Foto von aufgeschlagenen Büchern

Predigt über 1. Mose 8,22

Superintendent Dr. Helmut Kirschstein

19.10.2008 Rundfunk-Gottesdienst zum "Männersonntag"

Hier die Predigt hören

Anmerkung: Die von Herrn Kirschstein verfassten Dialoge wurden von Männern des Norder "Männerkreises Ludgeri" gesprochen.

 

 

DIALOG I

 

ZEITUNGSMELDUNGEN:

„Das Wetter spielt verrückt – oder sind es die Menschen?“

A      Hast Du das gelesen? Hier, im OSTFRIESISCHEN KURIER. [ Zeitungsrascheln ]

B      Nee, lies doch mal vor!

A     „Norderneyer Wetterwarte stellt Rekord fest – Klimawandel: Noch nie war der Monat August so nass wie in diesem Jahr“. Dabei reichen die Wetterbeobachtungen auf Norderney über 100 Jahre zurück...

B      Überrascht Dich dieser traurige Rekord? Dazu brauch ich keine Zeitung, das hab ich auch so gemerkt: So einen verregneten „Hochsommer“ habe ich noch nicht erlebt! Mensch, wir sind doch regelrecht abgesoffen, und das gleich ein paarmal: Erst zu Hause der Keller, dann mit den Kindern beim Camping...

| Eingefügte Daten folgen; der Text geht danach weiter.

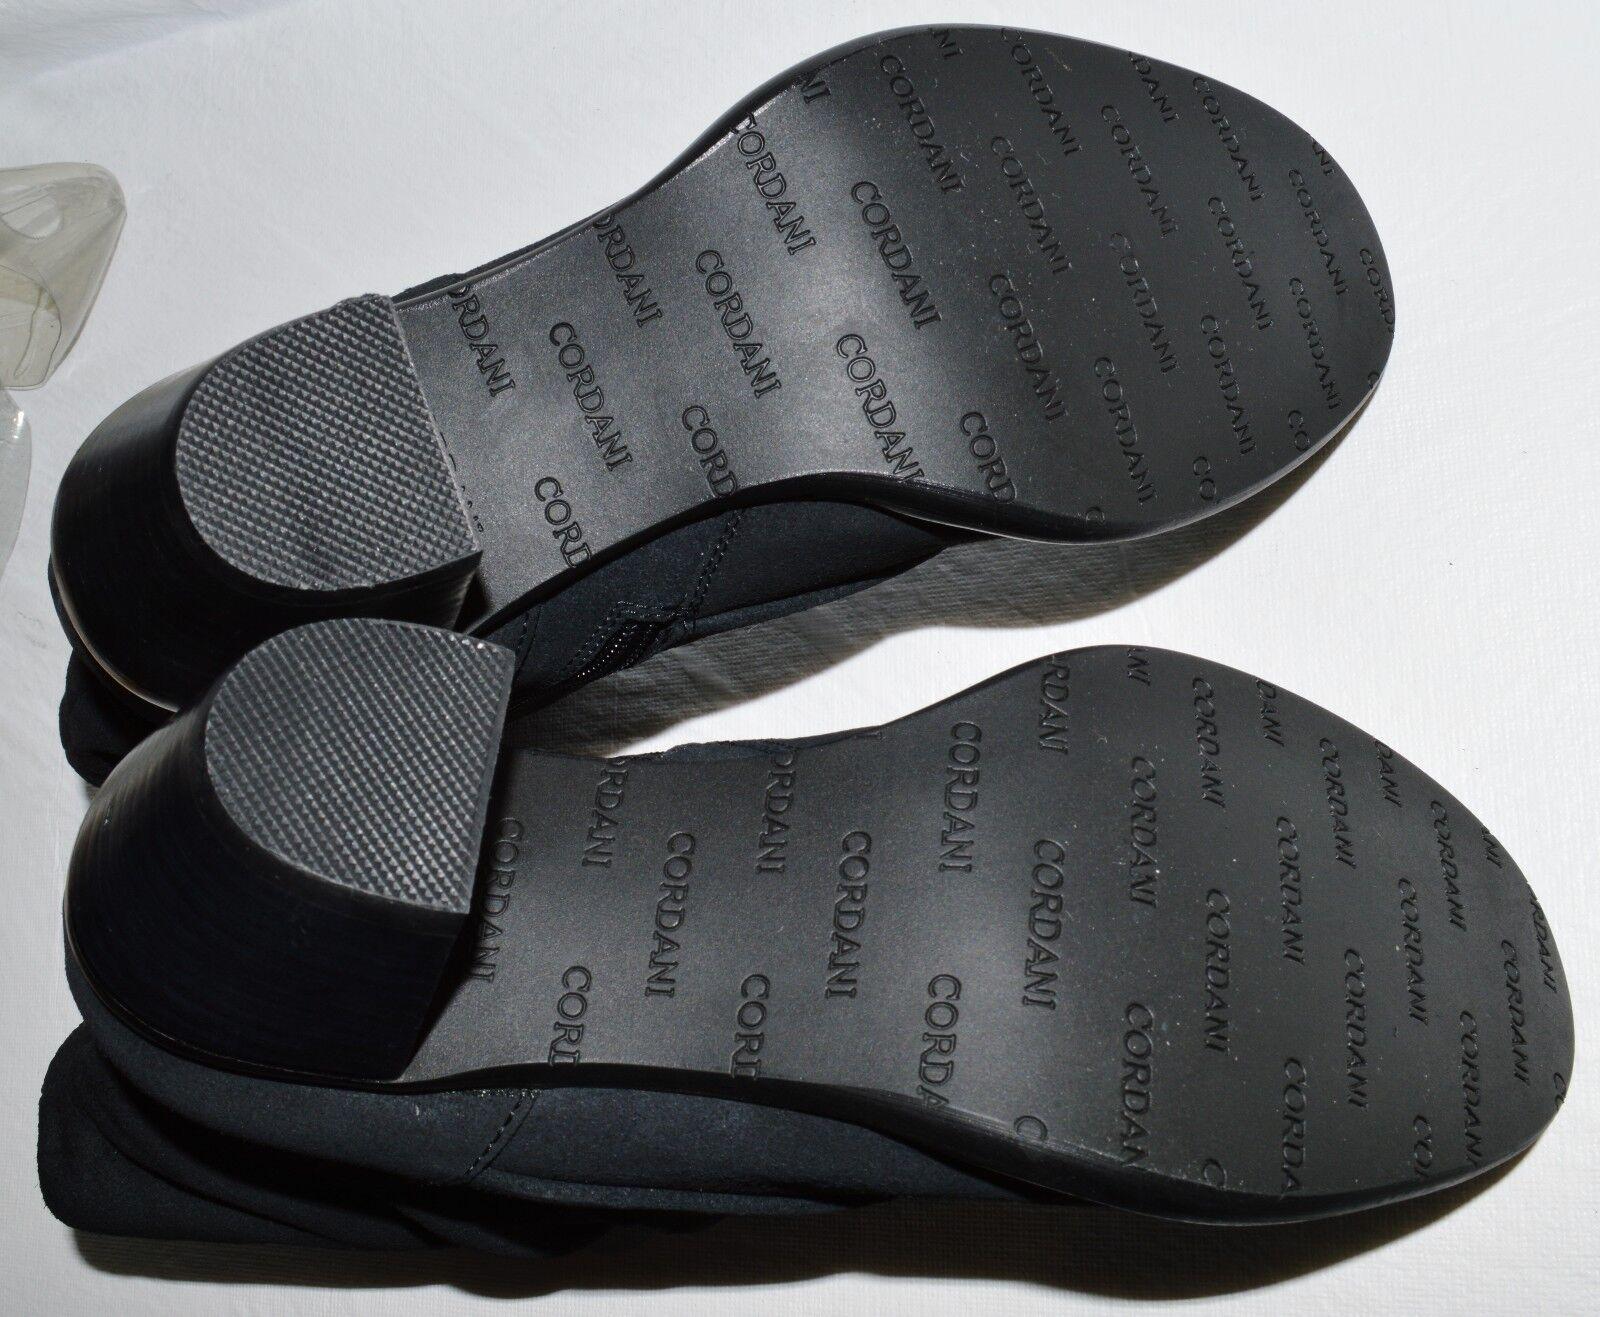 CORDANI CALZATURE UMBER NIB  310 310 310 SZ 6.5 M 37 BLACK SUEDE ANKLE BOOTS BOOTIES c95b12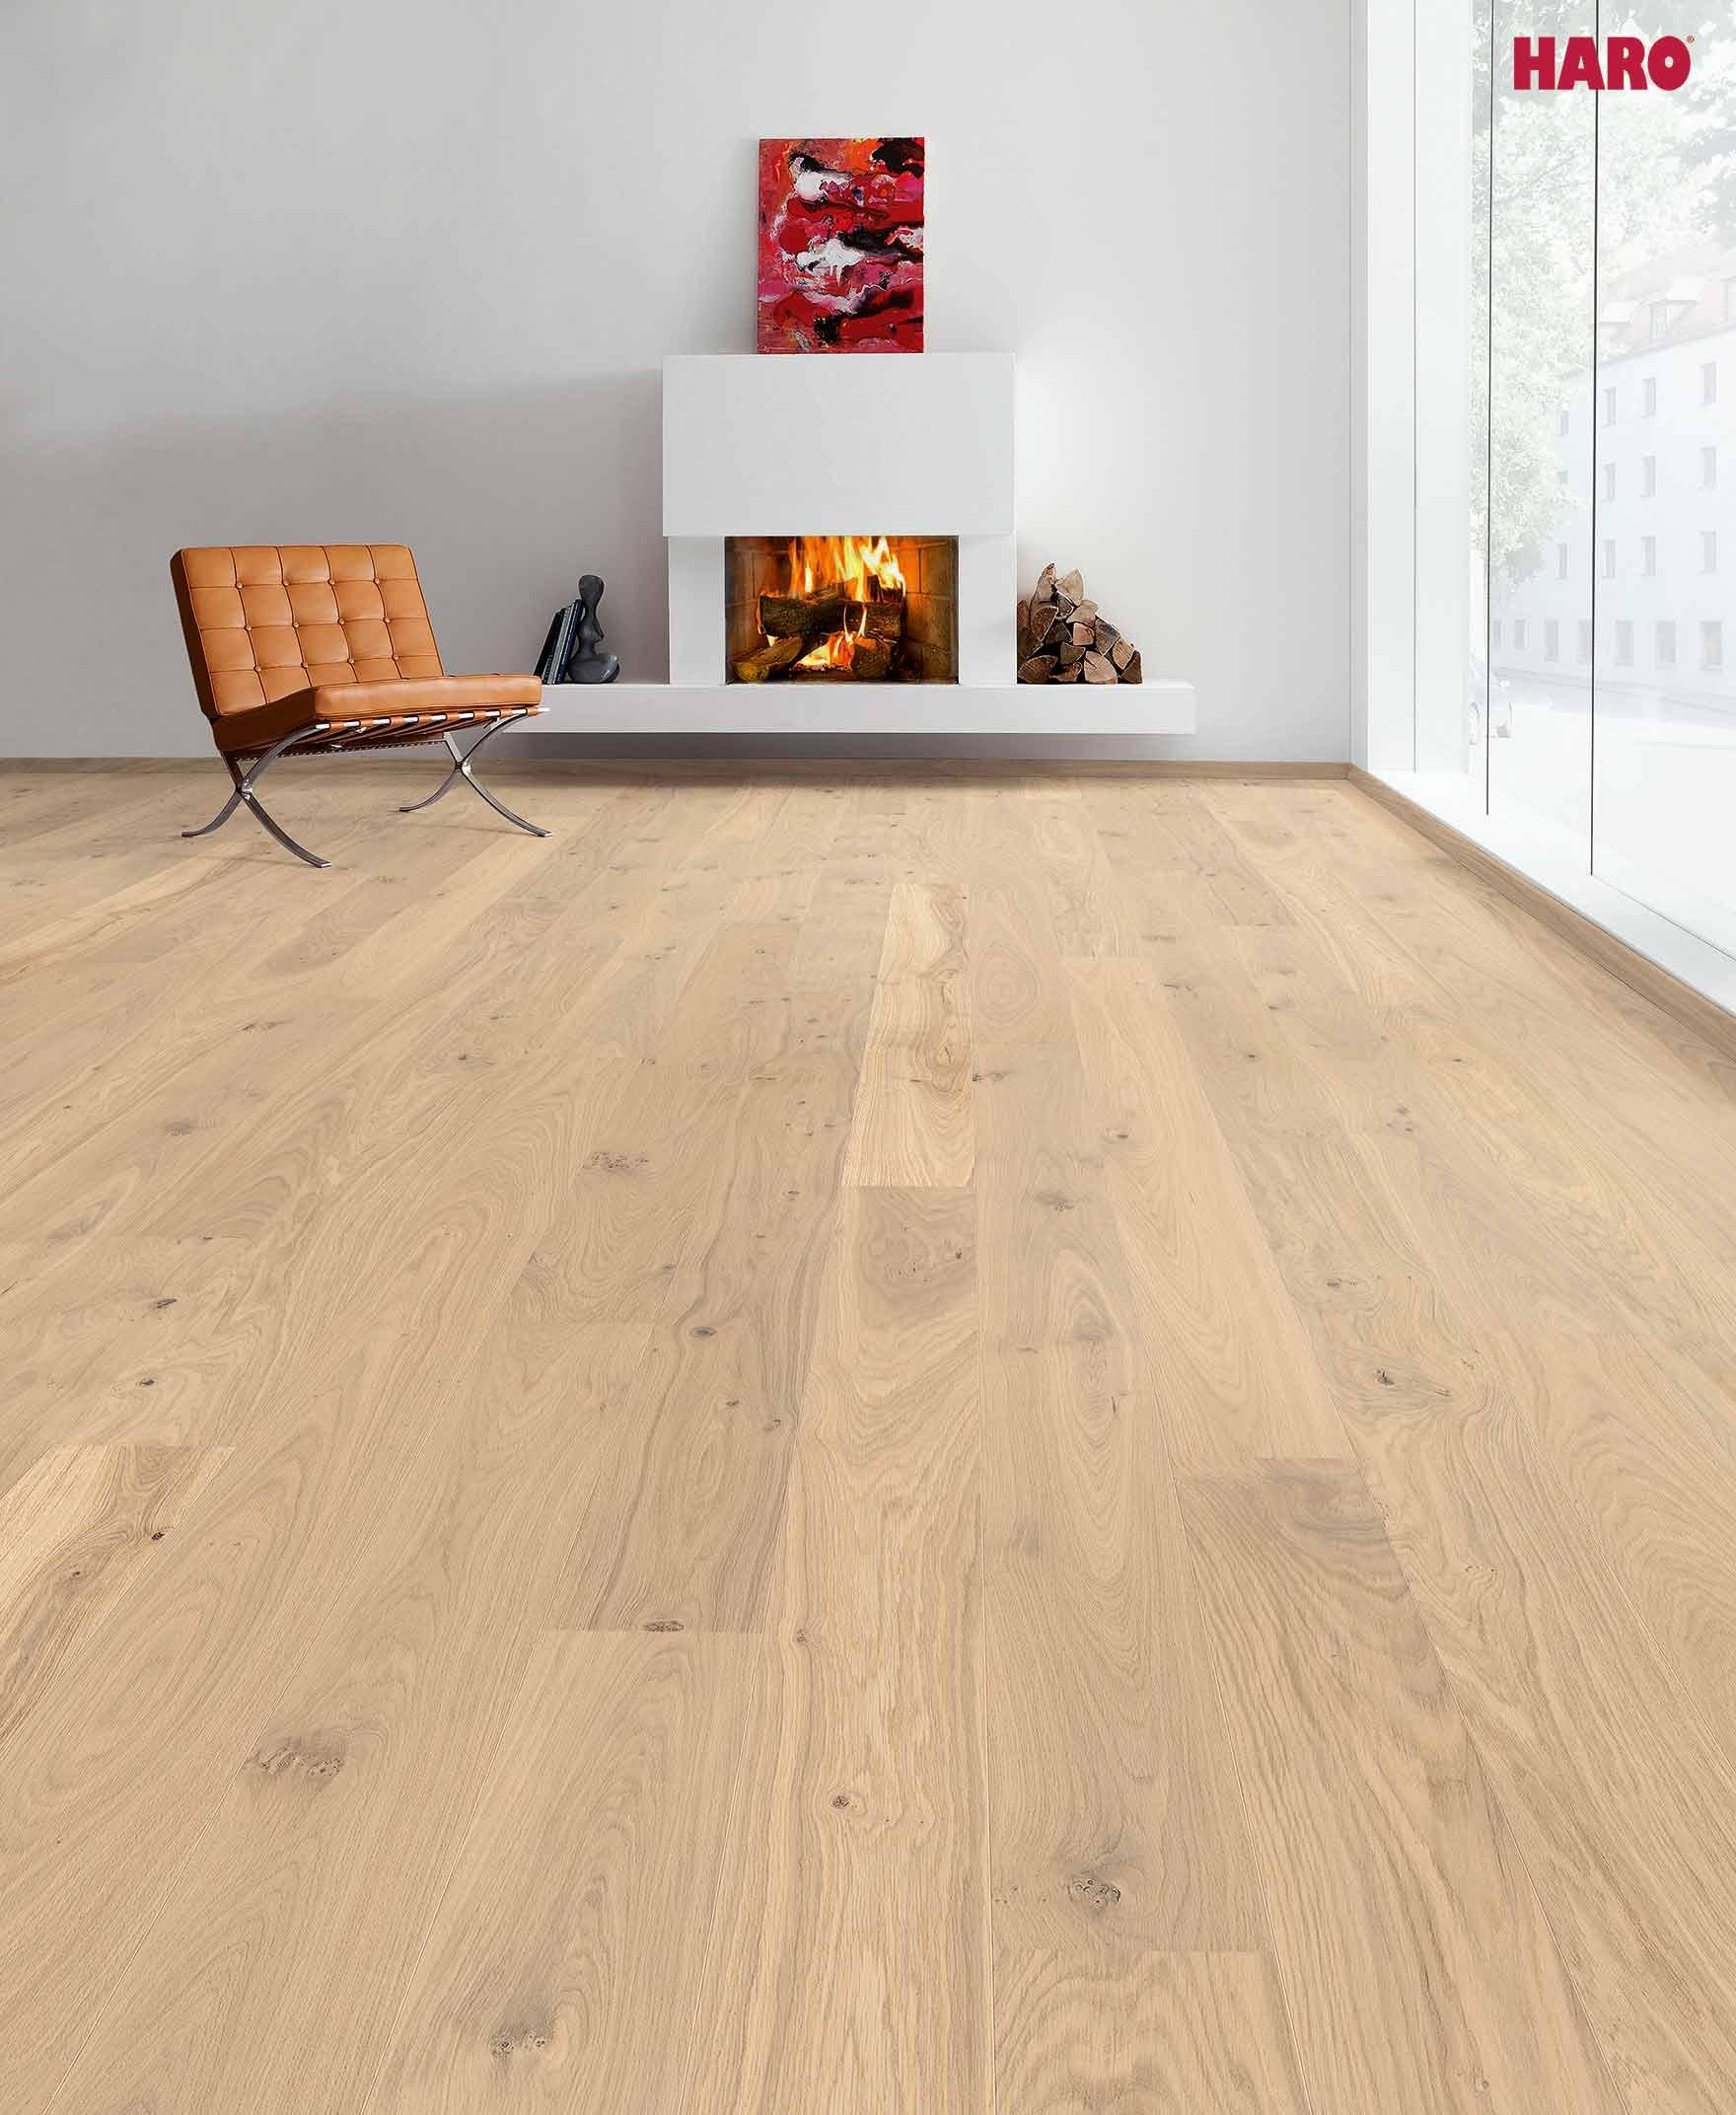 531130 parkett haro landhausdiele 3000 eiche alabama strukturiert lackiert 2v micro fase. Black Bedroom Furniture Sets. Home Design Ideas

A      Aber hier steht auch was zu den Temperaturen: Die Wetterwarte Norderney kann belegen, wie stark die Temperatur gestiegen ist – die mittlere Temperatur seit 1895: Die lag damals bei 7,5 Grad. Und jetzt rate mal, wieviel höher die jetzt ist: die mittlere Jahrestemperatur 2008.

B      Keine Ahnung. Aber wenn Du schon so fragst: Ein halbes Grad höher? Das wäre schon viel. Oder – ein ganzes Grad höher?

A      Halt Dich fest: Drei Grad höher! Statt 7,5 Grad liegt die durchschnittliche Jahrestemperatur jetzt bei 10,5 Grad.

B     Wahnsinn! Aber wenn ich an das letzte Jahr zurückdenke –

A      Genau, der April, weißt Du noch, da konnten wir meinen Geburtstag draußen feiern – das war der „wärmste, trockenreichste und sonnenreichste Monat April“ seit Menschengedenken. Steht hier auch.

B      Hochsommer im April, Sintflut im August. Und Schnee wird für unsere Kinder in Ostfriesland zum Fremdwort. Das Wetter spielt verrückt.

A     Das Wetter? Ich glaube eher, die Menschheit auf diesem Globus spielt verrückt! Ich hab´ das Gefühl: Unsere Generation verzockt alles, was sich über Jahrmillionen in der Natur aufgebaut hat. Die tropischen Regenwälder werden abgeholzt – immer mehr Autos, Kraftwerke und Industrieanlagen treiben den CO2-Ausstoß ins Gigantische – gegen das Ozonloch wird nichts unternommen – da ist der Treibhauseffekt doch die logische Folge, das kann ich Dir als Ingenieur ausrechnen!

B      Warte, da hab´ ich auch was gelesen, die Meldung ist schon etwas älter [ kramt unter Zeitschriftenstapel einen Artikel hervor], hier, Überschrift: Klimawandel in der Arktis: Der Nordpol könnte im Sommer abschmelzen. „Nach Einschätzung eines US-Wissenschaftlers könnte der Nordpol in diesem Sommer erstmals seit Menschengedenken eisfrei werden.“ Dabei ist das arktische Gletschereis in den letzten 20 Jahren sowieso schon um 40 % zurückgegangen...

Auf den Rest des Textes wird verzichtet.